对所得成品Al2O3/g-C3N4复合光催化剂进行X射线衍射测试(见图1),可见该复合催化剂中含有石墨相C3N4,和无定型态的Al2O3;该复合催化剂的比表面积为72.6 m2/g;按照实施例1的方法进行可见光催化分解水实验,见图6,复合光催化剂的平均产氢率为66.5μmol·h-1。按照实施例1的方法进行吸附及可见光催化活性试验,如图7所示,30 min对罗丹明B的吸附脱色率为40.3%,可见光照射20分钟后甲基橙的光催化降解率为86.4%。表明Al2O3的过量负载降低了复合催化剂的光催化活性。
实施例3
(1)量取50mL甲醇置于圆底烧瓶中,称取2.5g三聚氰胺加入到上述圆底烧瓶中,在60℃冷凝回流下搅拌0.5h,得到悬浊液。

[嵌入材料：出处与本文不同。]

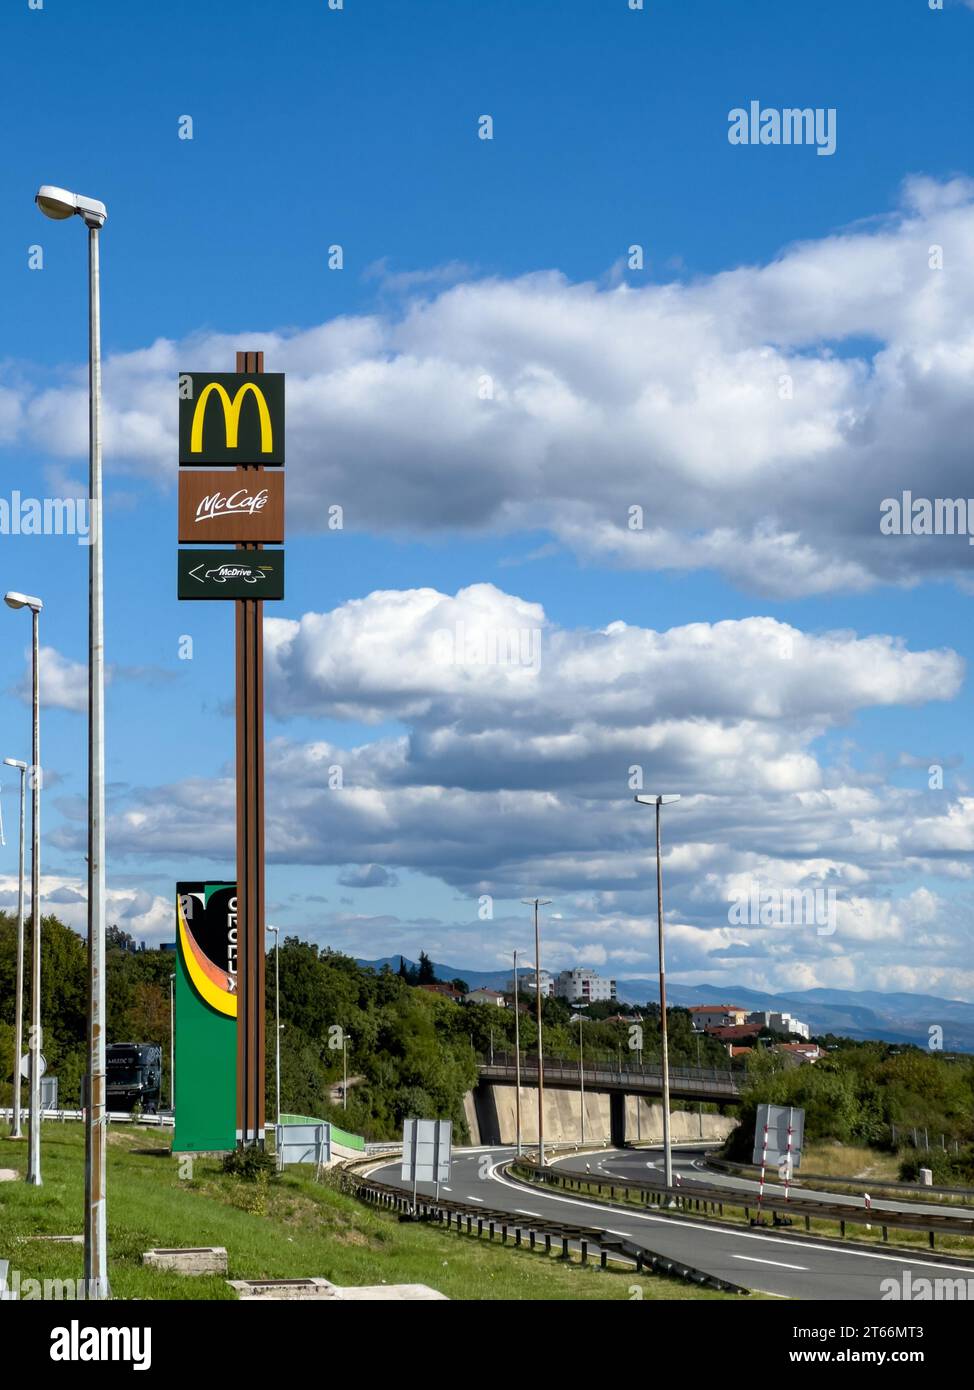 Rome, Italie - 09 août 2023 : logo McDonalds sur un poteau près de l'autoroute dans les montagnes Banque D'Images

(2)量取50mL甲醇置于烧杯中,称取0.5 gAl(NO3)3·9H2O加入到上述烧杯中,搅拌得到澄清溶液;将该溶液转入步骤(1)中圆底烧瓶中,在60℃冷凝回流下继续搅拌2h,得到悬浊液;
(3)其它制备方法同实施例1。
对所得成品Al2O3/g-C3N4复合光催化剂进行X射线衍射测试(见图1),可见该复合催化剂中含有石墨相C3N4,和无定型态的Al2O3;该复合催化剂的比表面积为32.1 m2/g;按照实施例1的方法进行可见光催化分解水实验,见图6,复合光催化剂的平均产氢率为36.2μmol·h-1。按照实施例1的方法进行吸附及可见光催化活性试验,如图7所示,30 min对罗丹明B的吸附脱色率为10.1%,可见光照射60分钟后甲基橙的光催化降解率为71.4%。表明不足量的Al2O3复合降低了复合催化剂的光催化活性。
实施例4
(1)量取50mL甲醇置于圆底烧瓶中,称取2.5g三聚氰胺加入到上述圆底烧瓶中,在60℃冷凝回流下搅拌0.5h,得到悬浊液。

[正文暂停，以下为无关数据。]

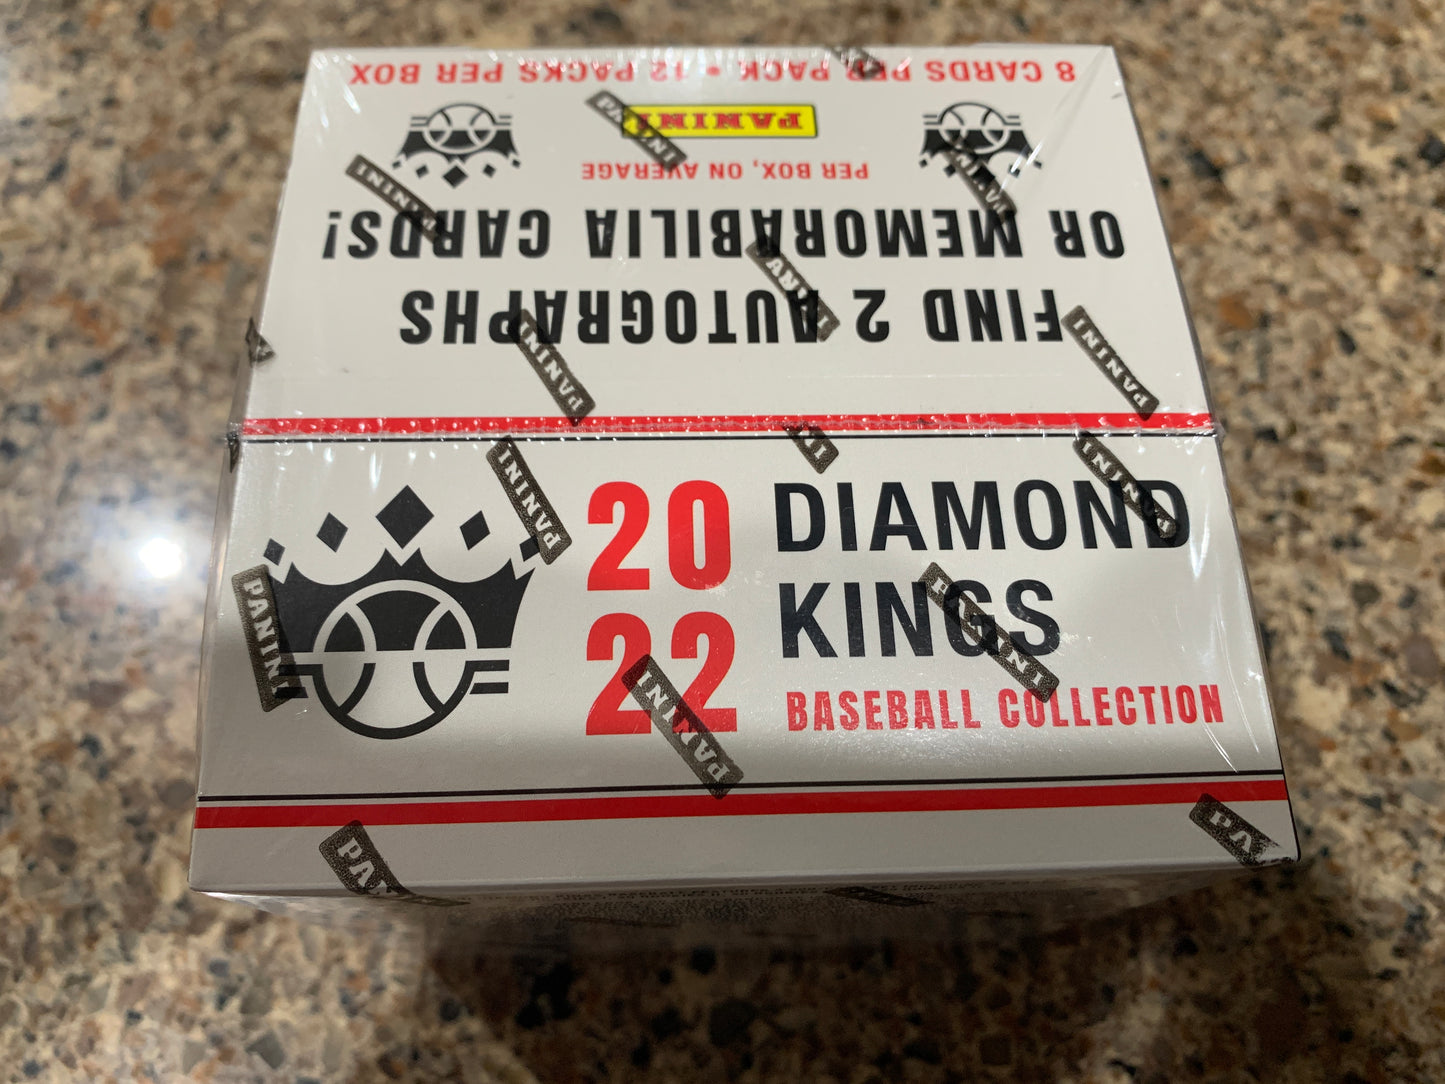 2022 Panini Diamond Kings Baseball Hobby Box

(2)量取50mL甲醇置于烧杯中,称取5.0 gAl(NO3)3·9H2O加入到上述烧杯中,搅拌得到澄清溶液;将该溶液转入步骤(1)中圆底烧瓶中,在60℃冷凝回流下继续搅拌2h,得到悬浊液;
(3)其它制备方法同实施例1。
对所得成品Al2O3/g-C3N4复合光催化剂进行X射线衍射测试(见图1),可见该复合催化剂中含有石墨相C3N4,和无定型态的Al2O3;该复合催化剂的比表面积为80.4 m2/g;按照实施例1的方法进行可见光催化分解水实验,见图6,复合光催化剂的平均产氢率为33.7μmol·h-1。按照实施例1的方法进行吸附及可见光催化活性试验,如图7所示,30 min对罗丹明B的吸附脱色率为37.5%,可见光照射60分钟后甲基橙的光催化降解率为82.6%。表明Al2O3的大量负载明显降低了复合催化剂的光催化活性。
实施例5
(1)量取50mL甲醇置于圆底烧瓶中,称取2.5g三聚氰胺加入到上述圆底烧瓶中,在60℃冷凝回流下搅拌0.5h,得到悬浊液。

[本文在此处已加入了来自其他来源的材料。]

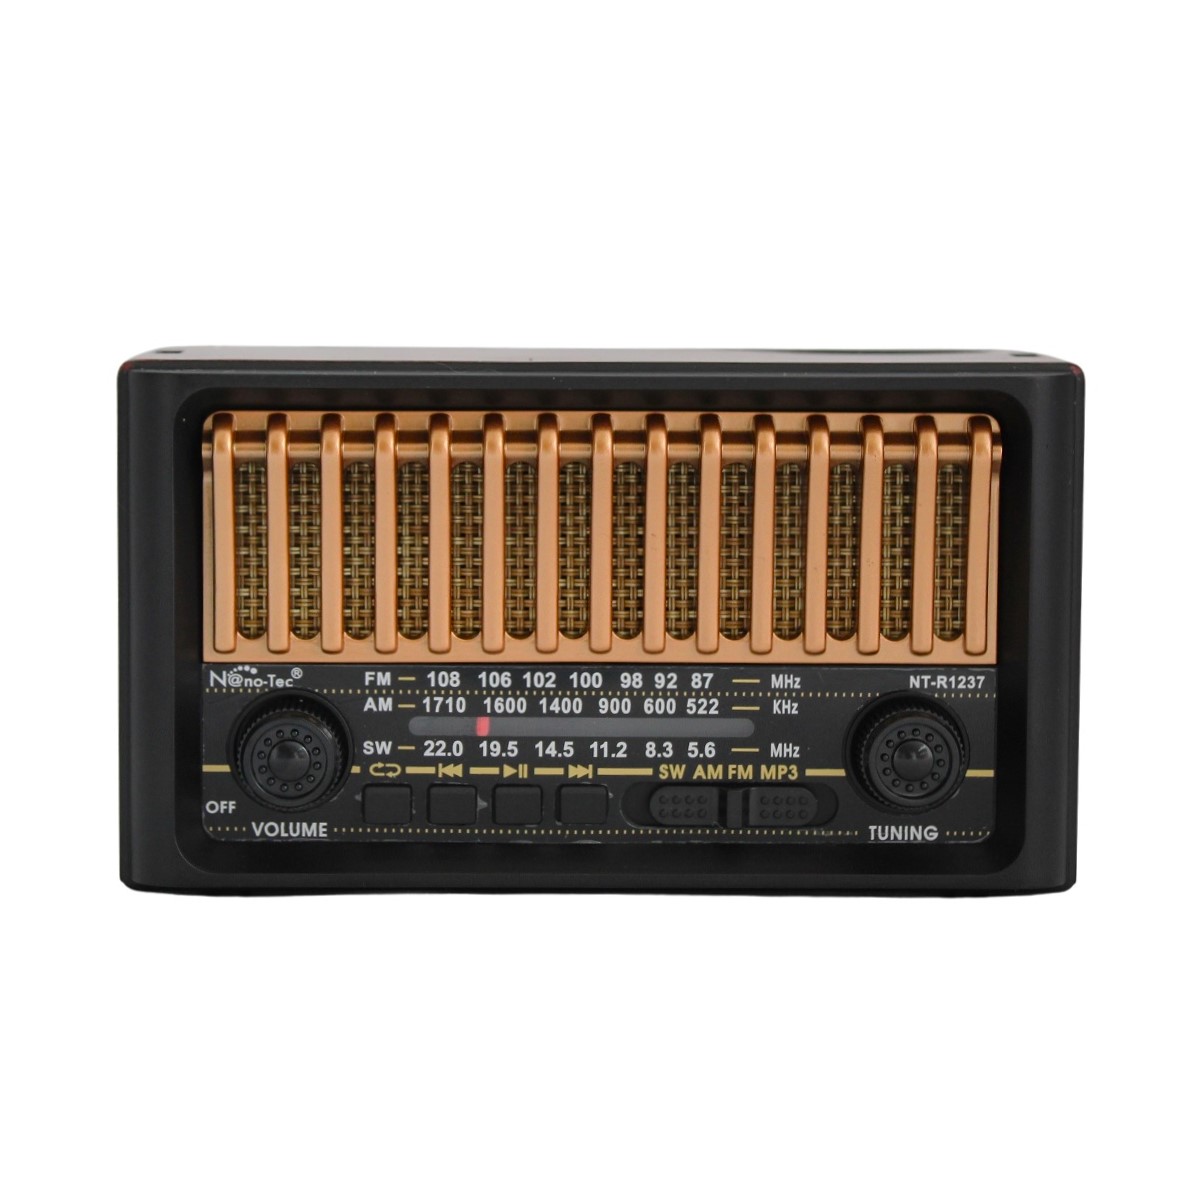 Radio Bolsillo AM/FM Carga USB Ranura TF - Luegopago

(2)量取50mL甲醇置于烧杯中,称取1.0 gAl(NO3)3·9H2O加入到上述烧杯中,搅拌得到澄清溶液;将该溶液转入步骤(1)中圆底烧瓶中,在60℃冷凝回流下继续搅拌1h,得到悬浊液;
(3)将步骤(2)中得到的悬浊液过滤、洗涤、干燥;干燥后的固体在马弗炉中600℃煅烧2h,得到Al2O3/g-C3N4复合光催化剂成品。
可见光照射下该复合光催化剂的平均产氢率为70.1μmol·h-1;
实施例6
(1)量取50mL甲醇置于圆底烧瓶中,称取5.0g三聚氰胺加入到上述圆底烧瓶中,在50℃冷凝回流下搅拌0.5h,得到悬浊液。
(2)量取50mL甲醇置于烧杯中,称取2.0 gAl(NO3)3·9H2O加入到上述烧杯中,搅拌得到澄清溶液;将该溶液转入步骤(1)中圆底烧瓶中,在50℃冷凝回流下继续搅拌1h,得到悬浊液;
(3)其它制备方法同实施例1。
可见光照射下该复合光催化剂的平均产氢率为64.5μmol·h-1;
实施例7
(1)量取50mL甲醇置于圆底烧瓶中,称取2.5g三聚氰胺加入到上述圆底烧瓶中,在70℃冷凝回流下搅拌0.5h,得到悬浊液。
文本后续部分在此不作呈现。